There, surgeons—a team working on each hand—painstakingly reattached several of her fingers, which were nearly severed. The injuries to her arms were so bad that they had to implant a titanium plate in one of her wrists to hold the bones together. After 5 days in the hospital she was discharged, subsequently spending 18 months in physical therapy.

Despite what she went through, Norina considers herself fortunate. “I had a very positive experience at the hand center,” she says. ”I received the best care you can get. Everyone was wonderful. They even helped my husband find a hotel once he arrived at the hospital, and provided him with clothes and other necessities, since he hadn’t packed anything in his rush to see me.”

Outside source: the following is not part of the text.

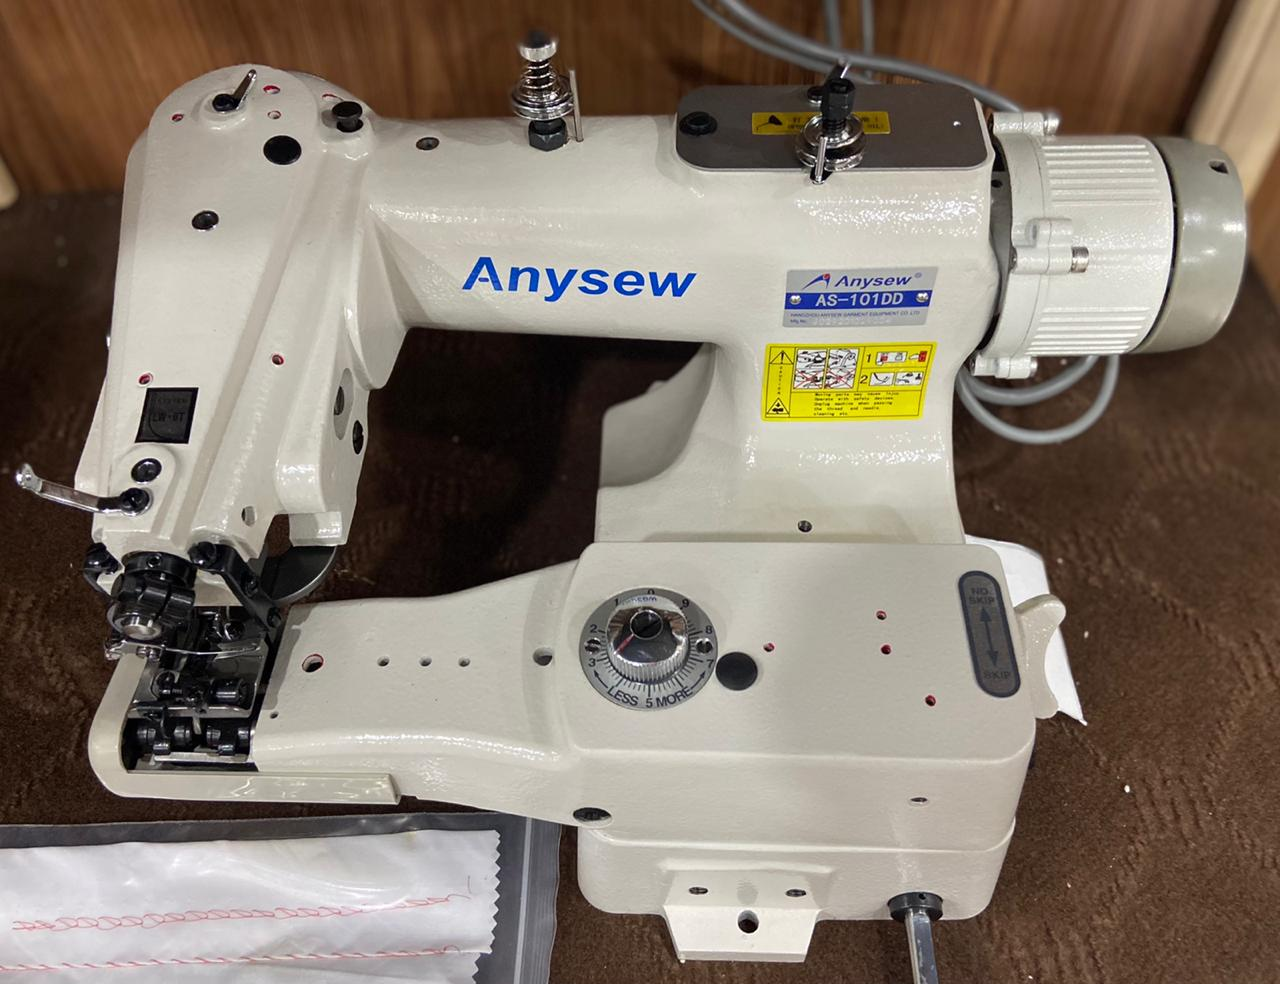 Anysew Direct Drive Blind Stitch Machine AS-101

Today, Norina, now retired, is doing well. In the 20 years since the attack, she has spoken to more than 60 audiences about the incident, providing insight and observations about this life- altering event, and is currently writing a book about it. She is also incredibly grateful for the care she received at The Curtis National Hand Center, which she and her husband, Jim, acknowledge with an annual philanthropic gift. “It was an emotional experience. The support I received was exceptional.”